I have a data set in which a coordinate can be repeated several times.
I want to make a hexbinplot displaying the maximum number of times a coordinate is repeated within that bin. I am using R and I would prefer to make it with ggplot so the graph is consistent with other graphs in the same report.
Minimum working example (the bins display the count not the max):
# No bin should be over 9
p1 <- ggplot(dat,aes(x=x,y=y))+stat_binhex(bins=10)
I think, after playing with the data a bit more, I now understand. Each bin in the plot represents multiple points, e.g., (9,9);(9,10)(10,9);(10,10) are all in a single bin in the plot. I must caution that this is the expected behavior. It is unclear to me why you do not want to do it this way. Instead, you seem to want to display the values of just one of those points (e.g. 9,9).
I don't think you will be able to do this directly in a call to
stat_hexbin, as those functions are trying to faithfully represent all of the data. In fact, they are not necessarily expecting discrete coordinates like you have at all -- they work equally well on continuous data.

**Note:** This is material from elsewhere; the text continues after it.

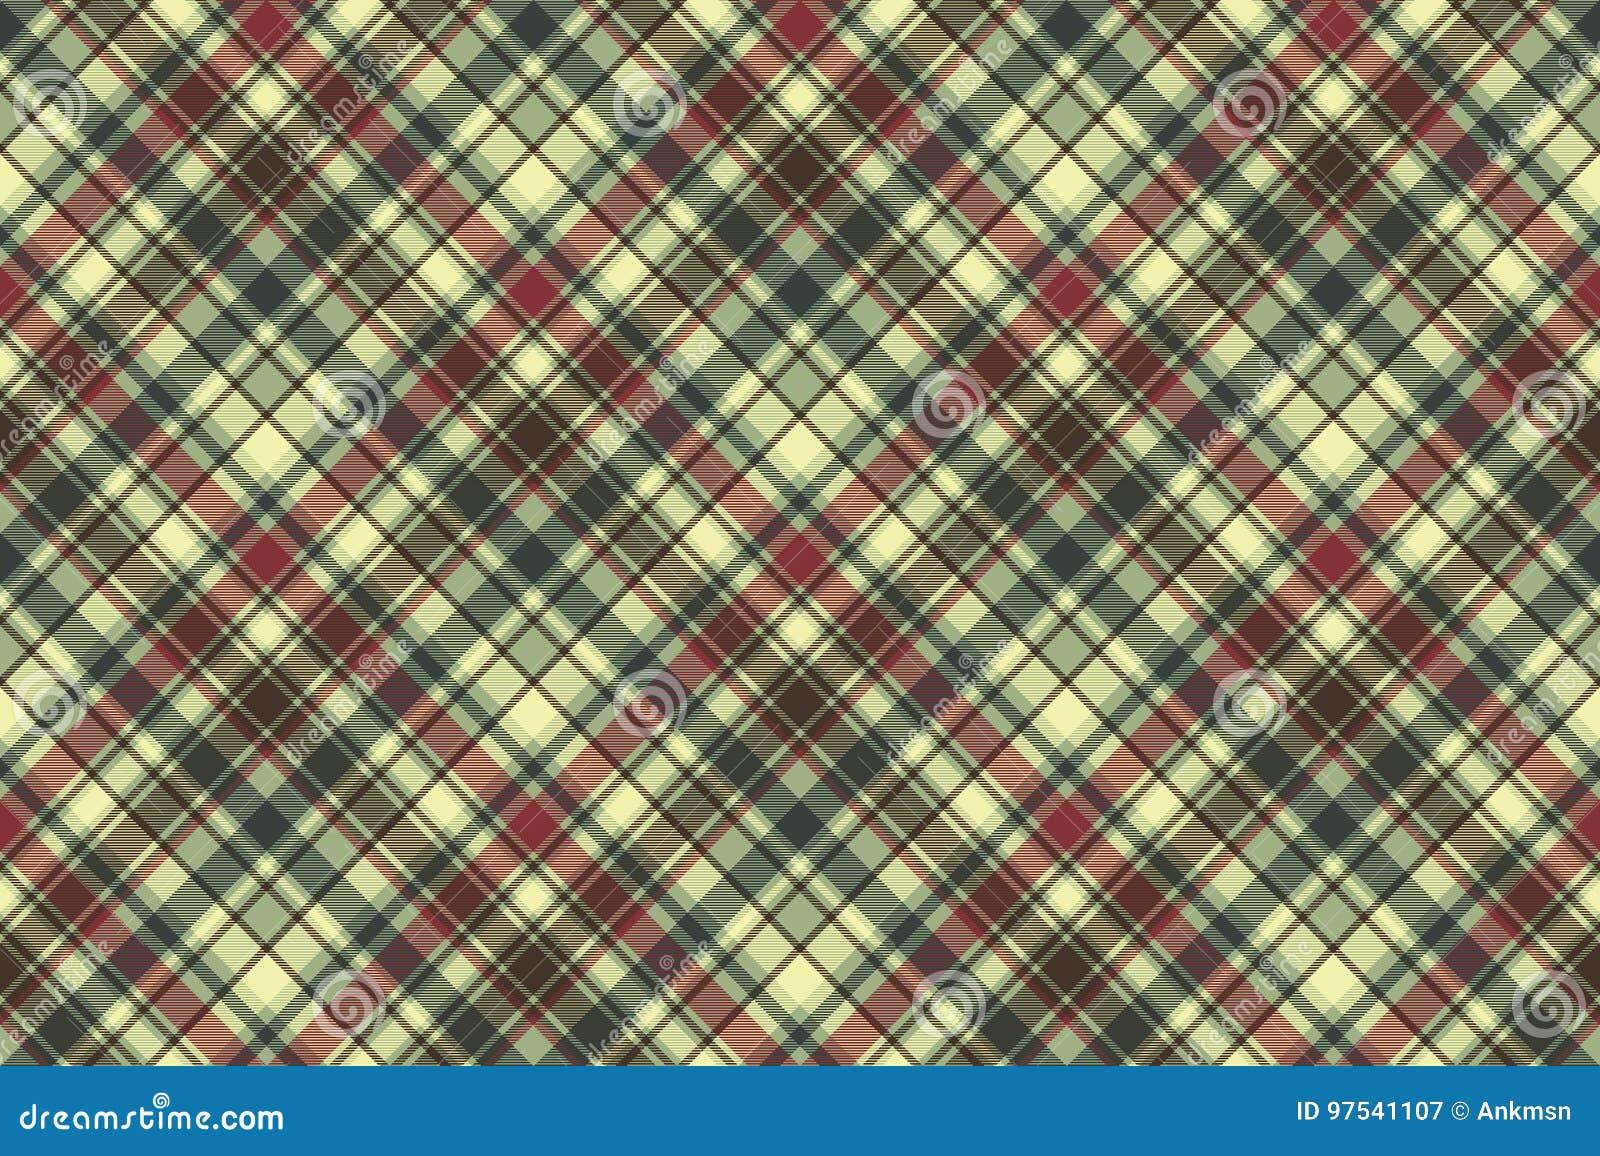 Struttura senza cuciture diagonale del tessuto del plaid verde

For your purpose, if you want finer control, you may want to instead use
geom_tile and count the values yourself, eg. (using
countedData <- dat %$% table(x,y) %>% as.data.frame() ggplot(countedData , aes(x = x , y = y , fill = Freq)) + geom_tile()
and you might play with the representation a bit from there, but it would at least display each of the separate coordinates more faithfully.
Alternatively, you could filter your raw data to only include the points that are the maximum within a bin. That would require you to match the binning, but could at least be an option.